This appears to still be an issue for us. This morning we seen the error show up, on an IP that is answering requests, and even answered requests 50 ms after the error

2022-07-08T15:10:12.357743322Z fail: Middleware[0]

2022-07-08T15:10:12.357781122Z Failed to forward request to http://xxx.xxx.xxx.7:8000. Encountered a System.Net.Http.HttpRequestException exception after 7474.419ms with message: An error occurred while sending the request.. Check application logs to verify the application is properly handling HTTP traffic.

2022-07-08T15:10:12.359916350Z fail: Middleware[0]
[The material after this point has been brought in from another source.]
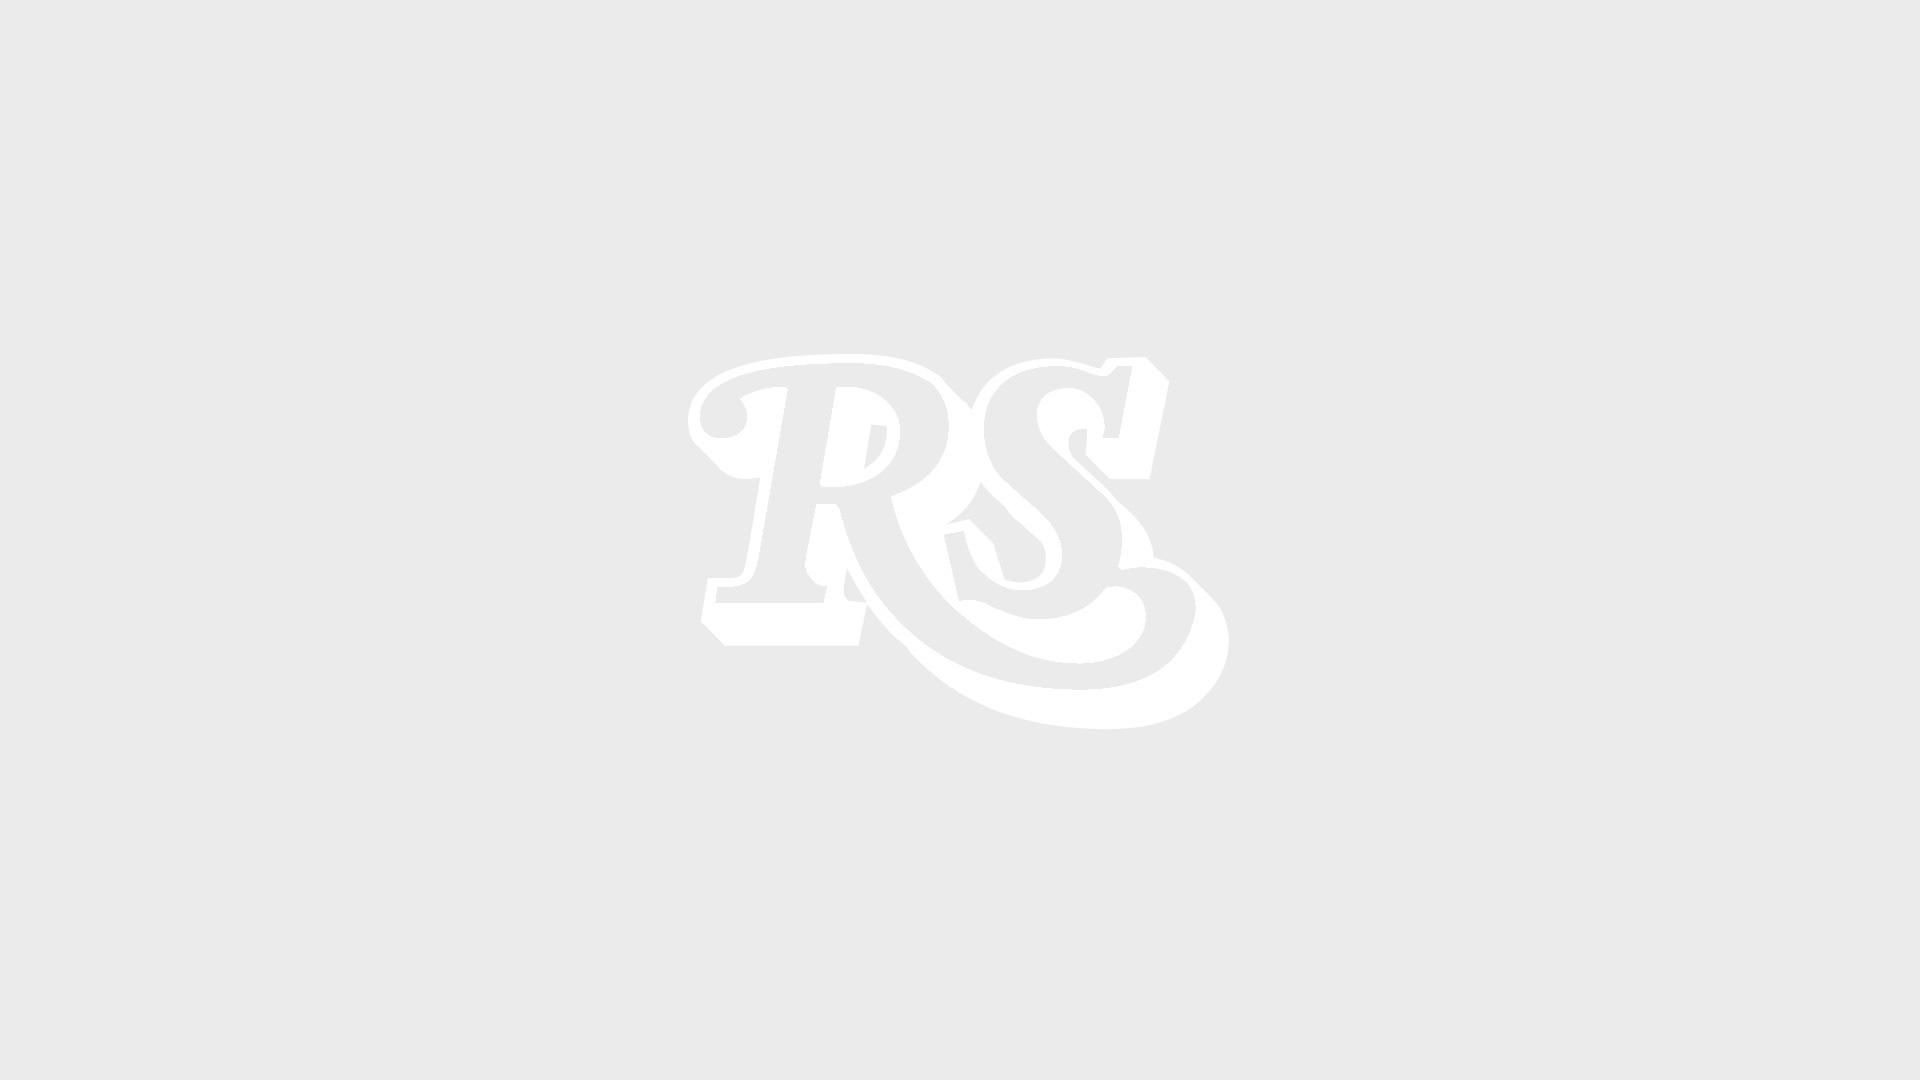 Spotify-CEO Daniel Ek bittet die User des Streaming-Portals um Verzeihung

2022-07-08T15:10:12.359940351Z Failed to forward request to http://xxx.xxx.xxx.7:8000. Encountered a System.Net.Http.HttpRequestException exception after 7251.366ms with message: An error occurred while sending the request.. Check application logs to verify the application is properly handling HTTP traffic.

2022-07-08T15:10:43.551433545Z INFO: xxx.xxx.xxx.7:58172 - "GET /xxx HTTP/1.1" 200 OK

2022-07-08T15:10:46.869278659Z INFO: xxx.xxx.xxx.7:58152 - "GET xxx HTTP/1.1" 200 OK

ltrain777 commented 2 years ago

We're hitting the same issue with a NodeJS web app with EasyAuth enabled. I notice that the port usage goes up when this error occurs. The image shows a restart at about 08-23 23:00, then the error happens again a bit later.

image

kwasilka commented 1 year ago

Following up what I've found. Simplifying: The root cause was using synchronous subroutines within an async function. All endpoints are async, but when having to make database calls, it then causes blocks and the async function to behave synchronously. Under load, we would then see the 500 errors show up because there were no worker processes available to receive the request from the app service layer, due to being blocked by other requests. The database calls the API would need to make is being done over an express route and not currently in azure which amplified the issue, as database calls would take longer than if they were in the same datacenter.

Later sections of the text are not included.